ABOUT THIS EXERCISE:
Copy the listing exactly; drop the pictures.

INFORMATION SHOWN:
[Start of section]

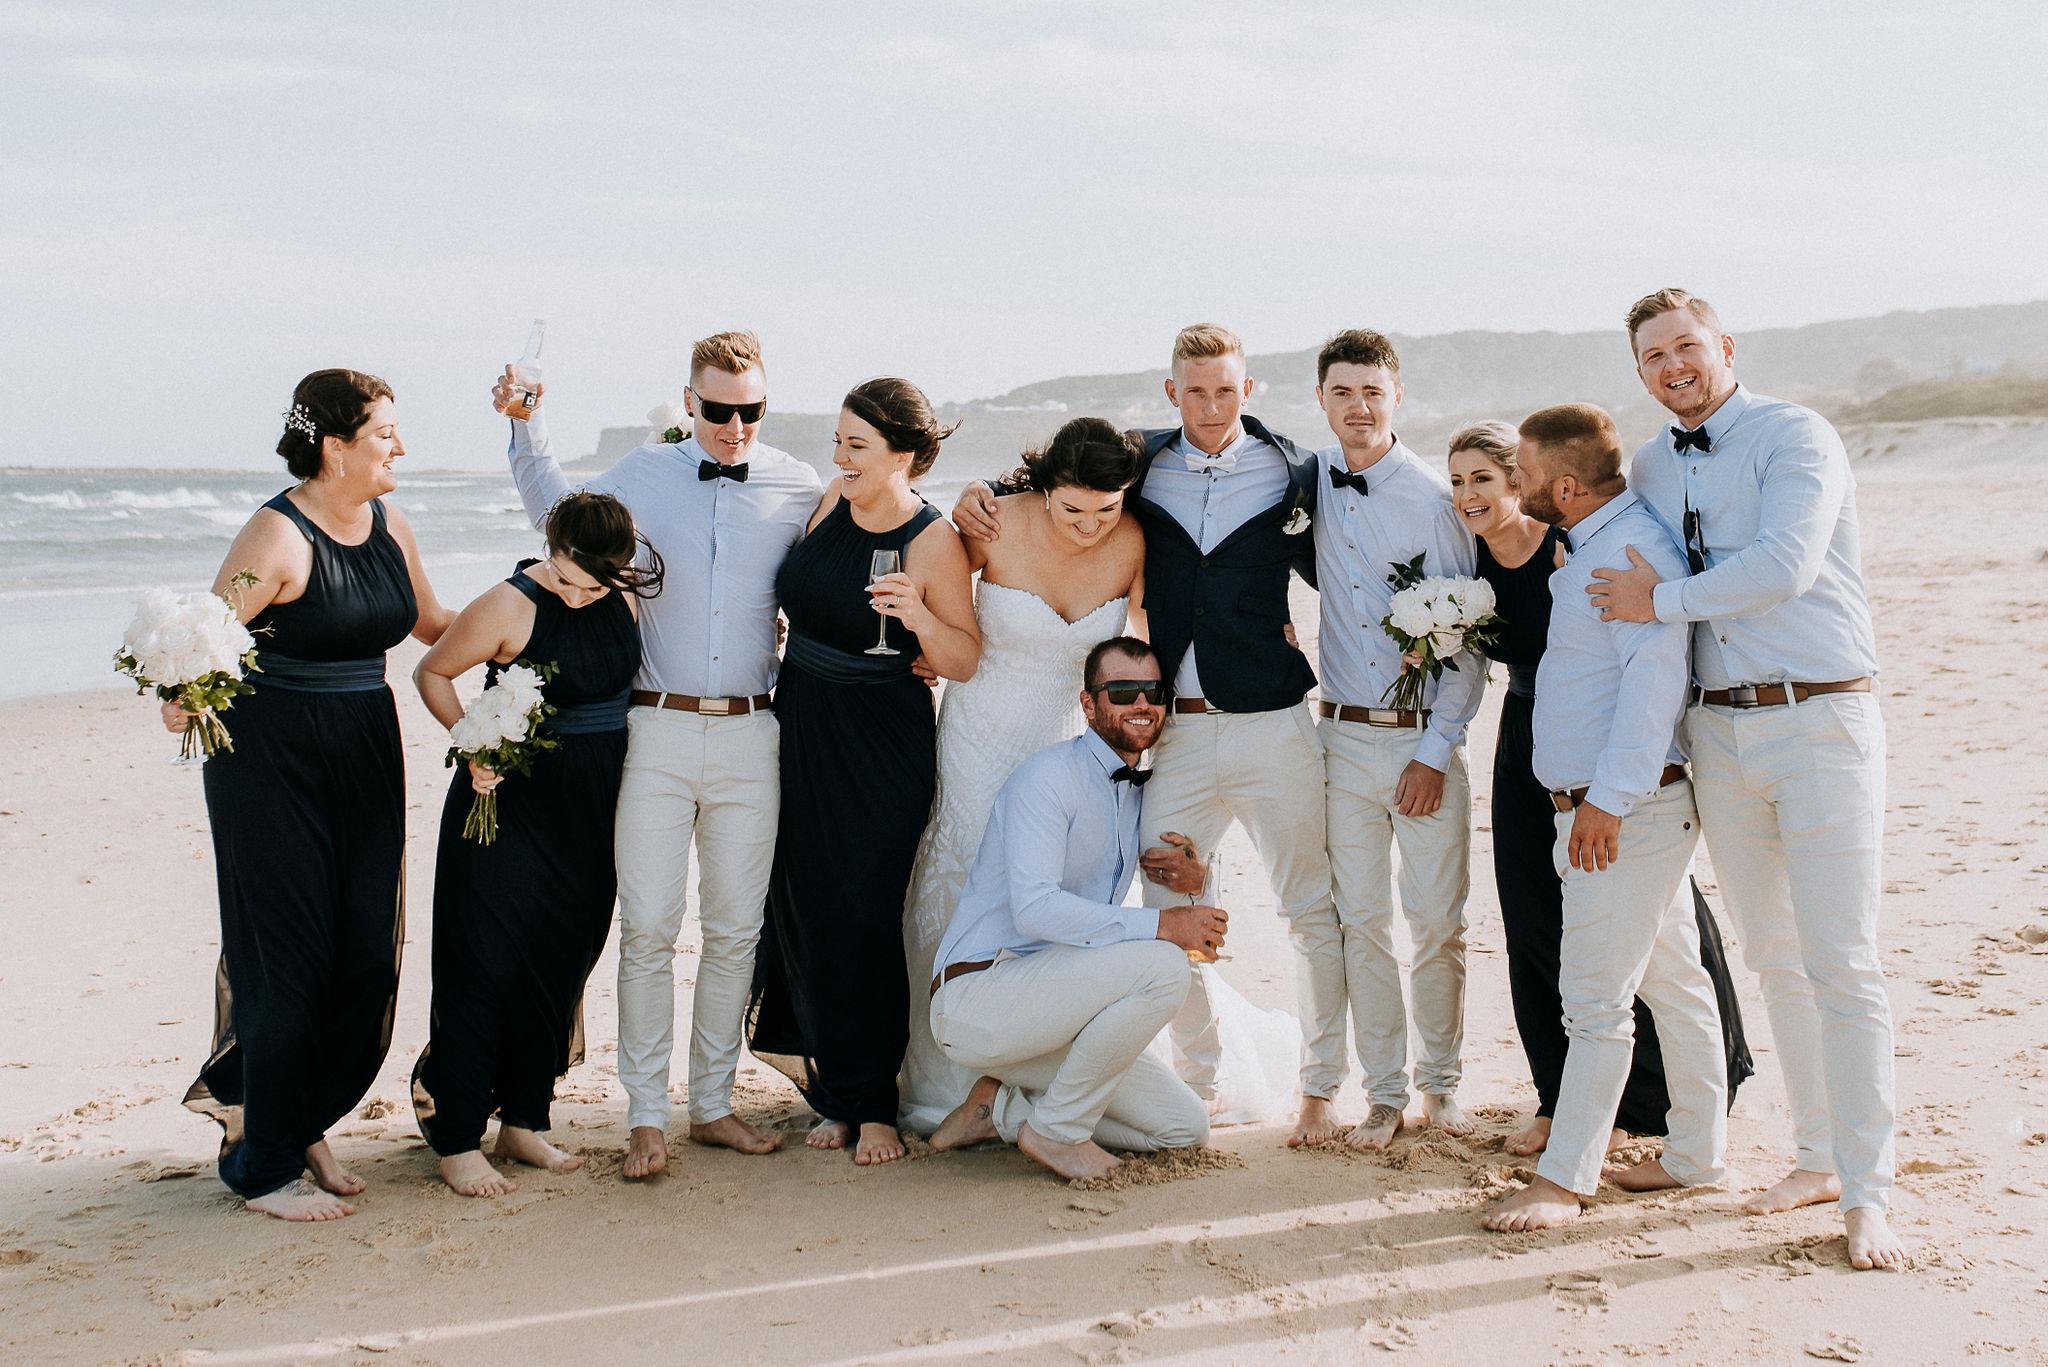 CAVES-BEACH-HOTEL-WEDDING-PATTEN-959.jpg
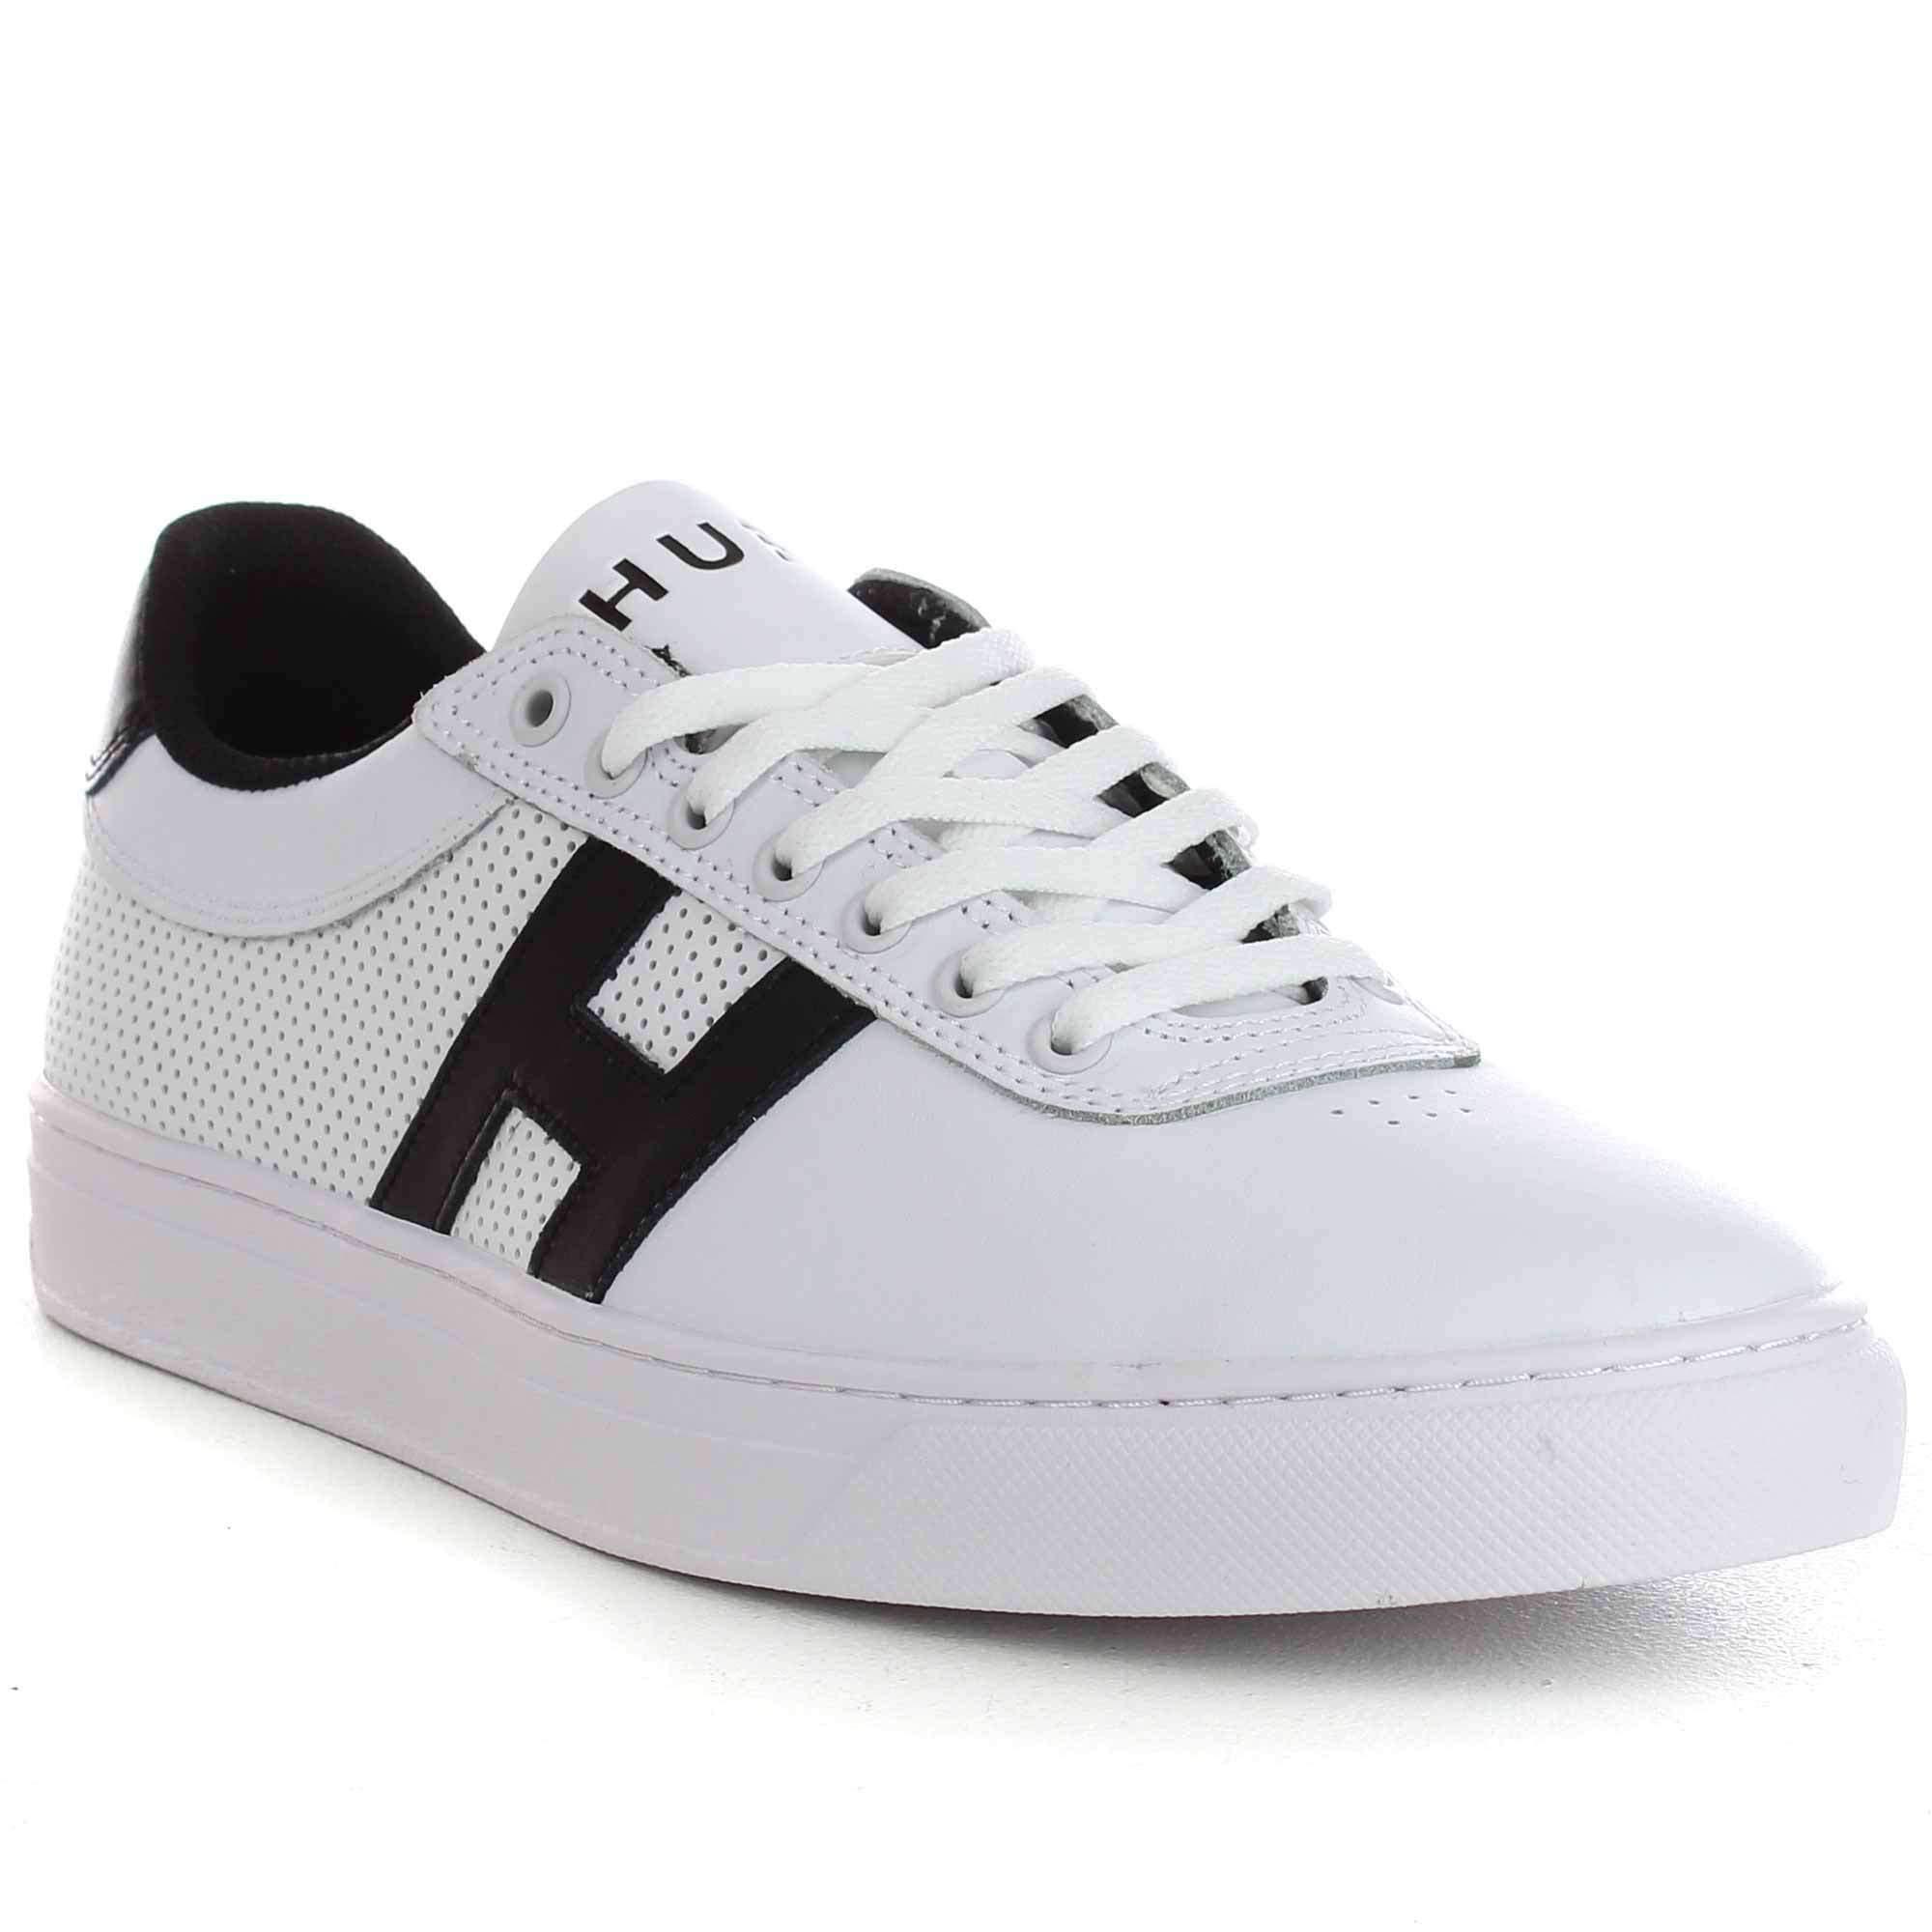 HUF Soto Shoes in White Black Black | Shoes, Huf, Mens skate
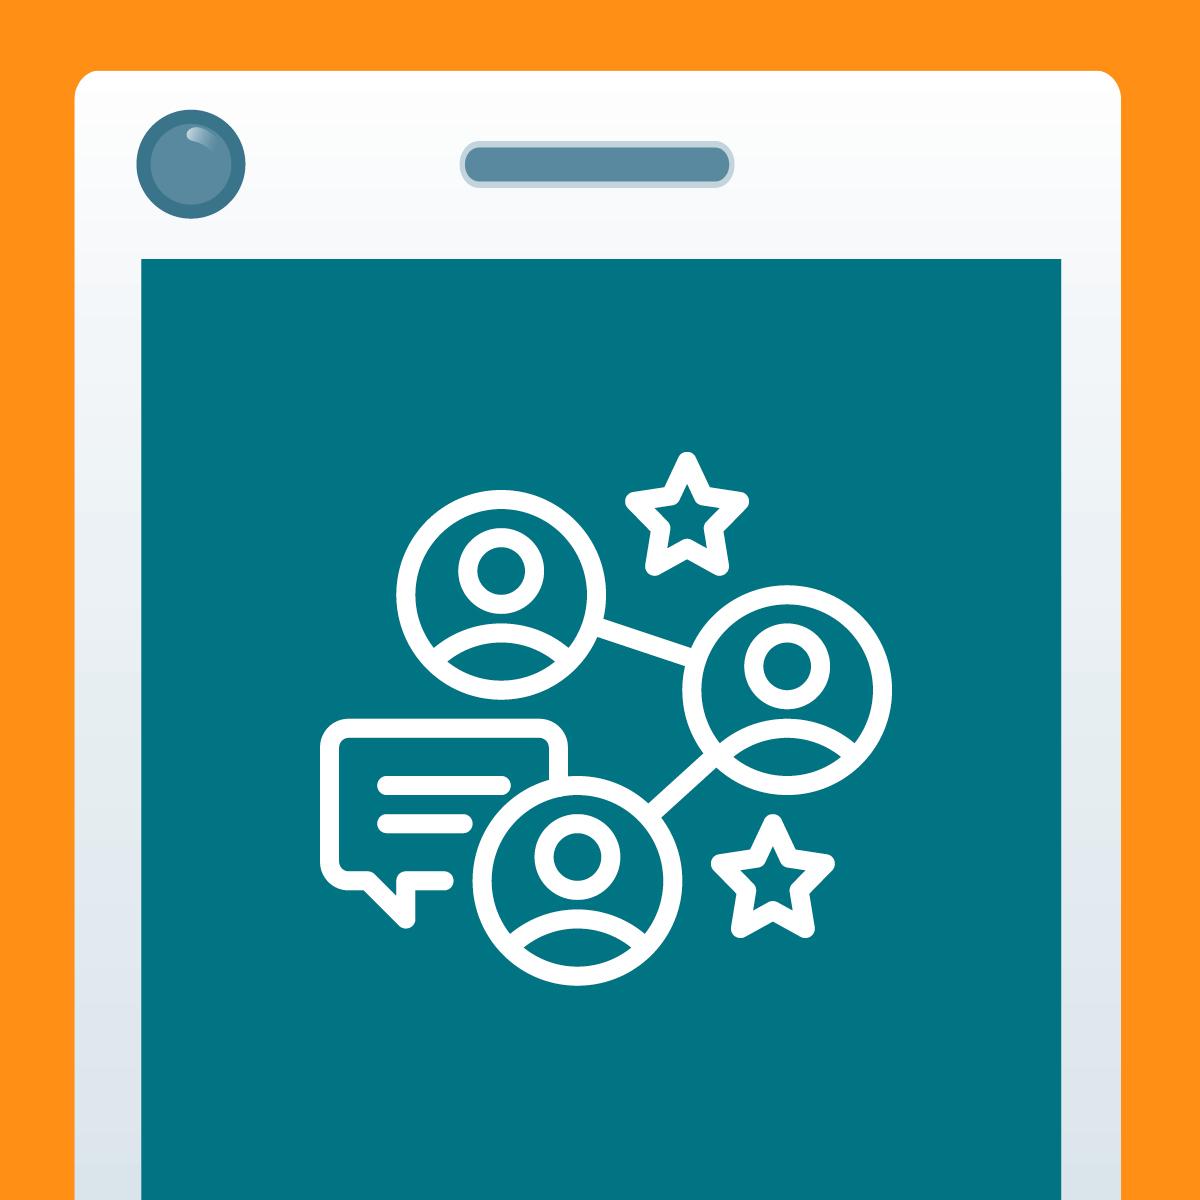 Online/Digital Marketing - Email Marketing

[End of section]

EXERCISE ANSWER:
 CAVES-BEACH-HOTEL-WEDDING-PATTEN-959.jpg
 HUF Soto Shoes in White Black Black | Shoes, Huf, Mens skate
 Online/Digital Marketing - Email Marketing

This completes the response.